When we talk about the long-term effects of COVID-19, most people focus on the virus’s impact on the lungs and heart, as well as nebulous concepts like “long COVID,” which are still being investigated by medical professionals. These are admittedly serious concerns.
In addition to these more common notions about COVID-19, however, it’s crucial to patient health that we expand our understanding of the virus’s effects to include neurological issues.
Beginning with early symptoms like loss of smell and taste, and looking ahead to post-COVID complications like stroke and persistent fatigue, all indicators suggest that the virus has a substantial impact on the brain.
Though we have a lot to learn, this is what we currently know about COVID and the brain.
When we say that COVID-19 affects the brain, the statement is not a straightforward one. For example, it remains unclear how the virus causes symptoms like loss of smell since this tends to happen before patients become extremely ill.
On the other hand, COVID-19 seems to attack the vascular system in ways that lead to an increased number of blood clots and, as a result, a greater likelihood of stroke. This happens even in young patients.
Many COVID-19 patients have had to be placed on blood thinners, but this, in turn, raises the risk of hemorrhagic difficulties, including hemorrhagic strokes, as opposed to ischemic ones.
In addition to these strictly physiological problems, a COVID-19 infection seems to substantially increase the chance that patients will receive a new psychiatric diagnosis.
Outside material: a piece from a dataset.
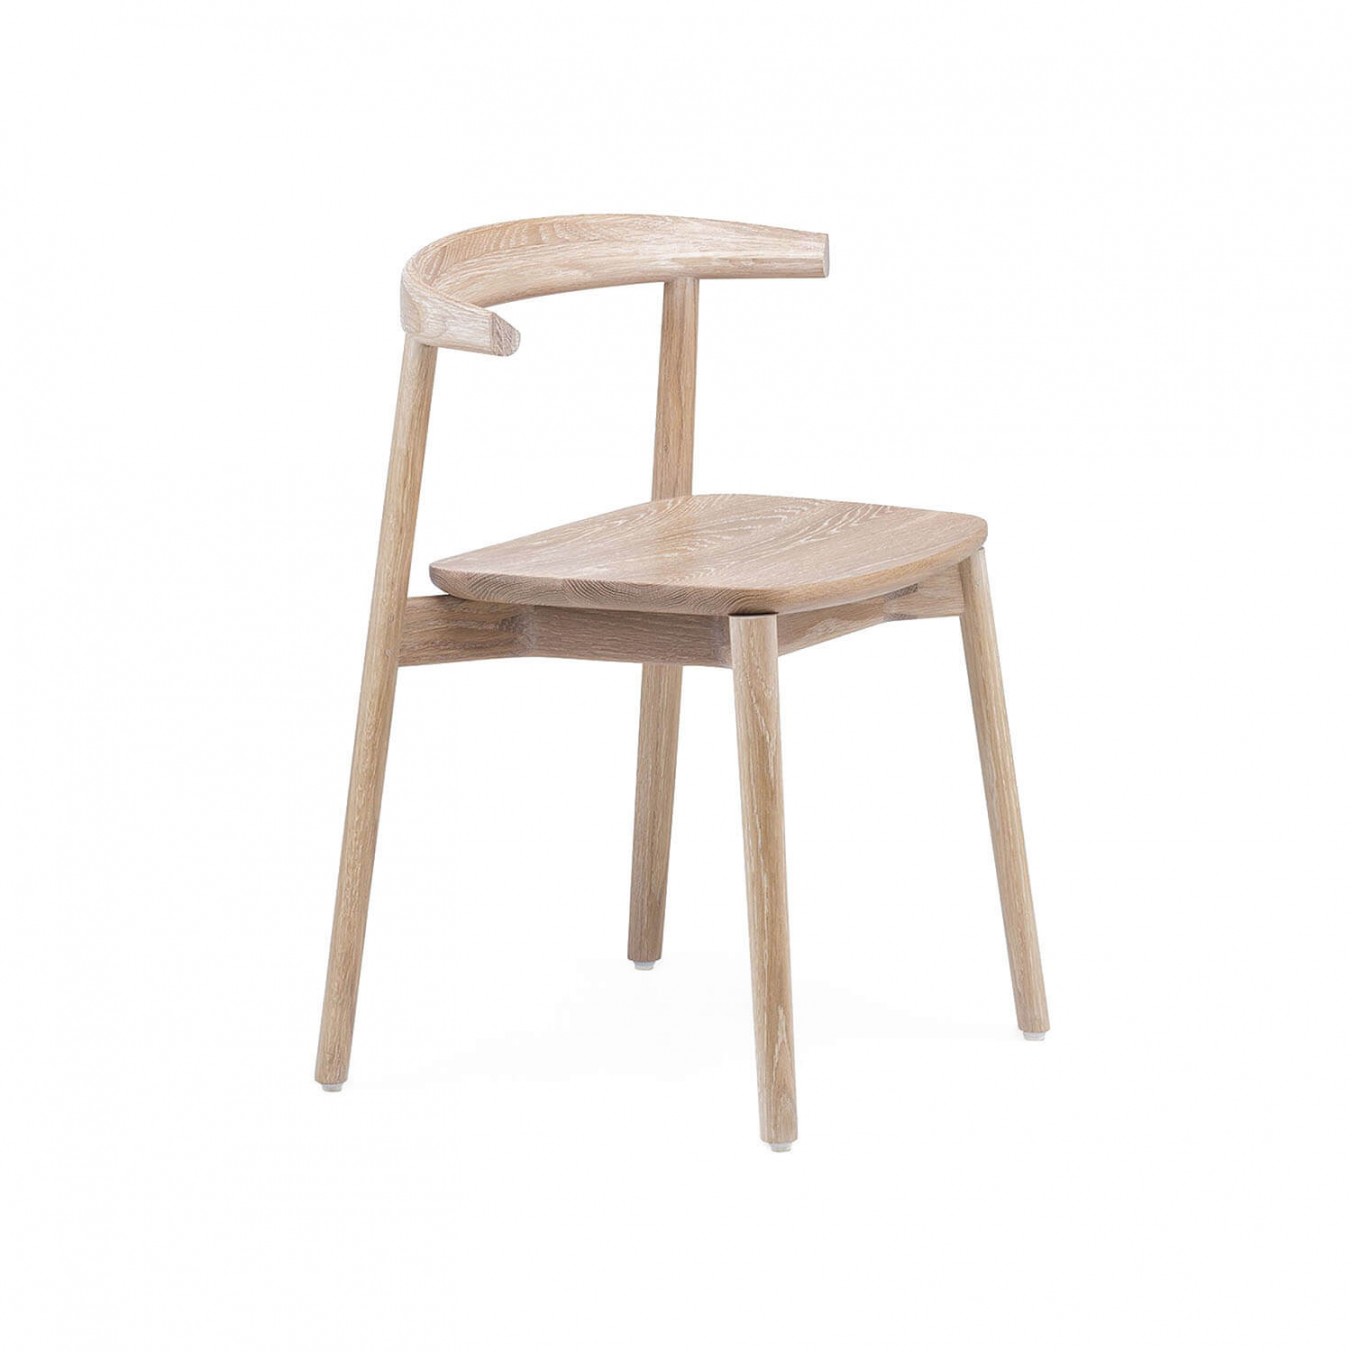 ANDO CHAIR

This is not just in comparison to the general population but also compared to patients who have suffered other respiratory infections and the flu.
Identifying Disabling Issues
Although COVID-19 may cause a variety of neurological conditions, researchers can serve patients best by focusing on the symptoms which are most disabling. These aren’t always the most obvious ones.
Many patients, for example, struggle with autonomic dysfunction, which can cause dizziness and difficulty with focusing, as well as other complaints. This can be a serious barrier for patients who wish to return to work or school, since they may have difficulty reading or retaining information.
However, by looking back at earlier neuroscience research into learning and memory, scientists may be able to identify areas of the brain that are malfunctioning during these tasks.
Hospitalized Versus Non-Hospitalized Patients
It’s important to note that patients who were hospitalized for COVID-19, particularly those who had to be ventilated, as well as those who recuperated entirely at home, have both been seen to experience neurological symptoms after recovery from the virus.
In hospitalized patients, this is often tied to acute encephalopathy, especially in older individuals. This is the most widely observed neurological ailment observed in this patient population, regardless of age.
Lasting neurological complications have also been more common in those who had pre-existing neurological conditions. Specifically, inflammatory brain injuries were also found to be more common in men.
There are a variety of reasons why COVID-19 patients are experiencing lasting neurological difficulties, including increases in inflammatory markers such as cytokines and chemokines, and changes to blood vessel stability, which damage the surrounding tissue.
Whatever the cause, though, researchers have a significant task before them. Because of the systemic nature of the virus and its apparent ability to influence complications that persist well after the virus has cleared, we could be seeing new neurological consequences of COVID-19 for years to come.